Your business needs to deliver the best product you can sustainably deliver at 10 clients, or 100 clients, and you need to stay in your lane while you master the ability to do so.

It's the fear (and sometimes the nearly empty bank account) that has you jumping on every opportunity and client that comes your way. This is a dangerous cycle to get stuck in. It is important to realize that not all money is good money in your business.

You need to question the opportunities and whether they keep you in your lane, or detour you off course. Follow the path!
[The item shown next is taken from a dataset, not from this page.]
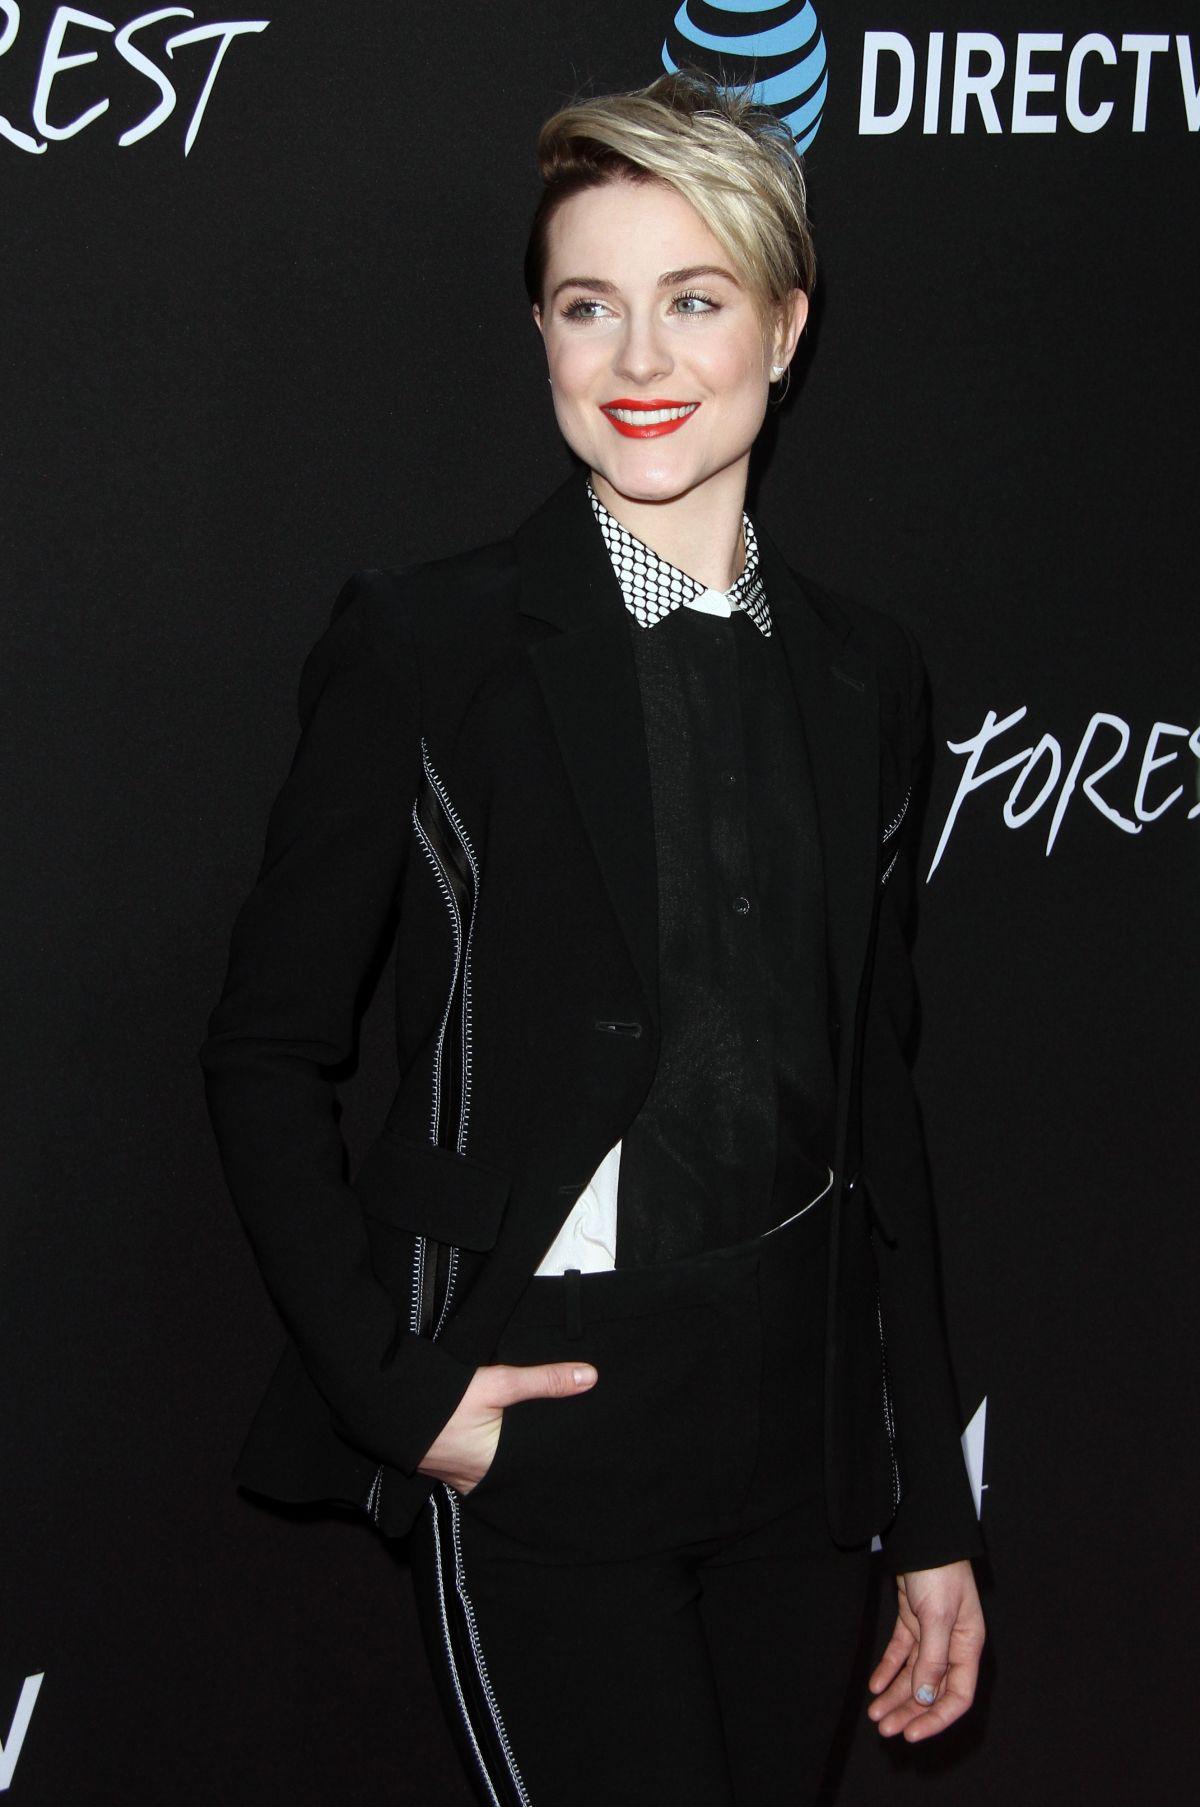 EVAN RACHEL WOOD at 'Into the Forest' Premire in Hollywood ... Evan Rachel Wood

If you are looking at what your business needs in order to scale richly, get the money right first. That is the first order of business. Positive cash flow puts you in the driver's seat and gives you freedom of choice. Refine your services and the way that work is done so that the delivery is sustainable at 5x your current operating level. That gives you profit and scalability. Stay focused in your lane for as long as it makes sense.

While you will always need clients in your business, they should not always be your primary focus. As your business evolves, your systems should be reliably producing clients in your business so that you can put your attention to scaling your business.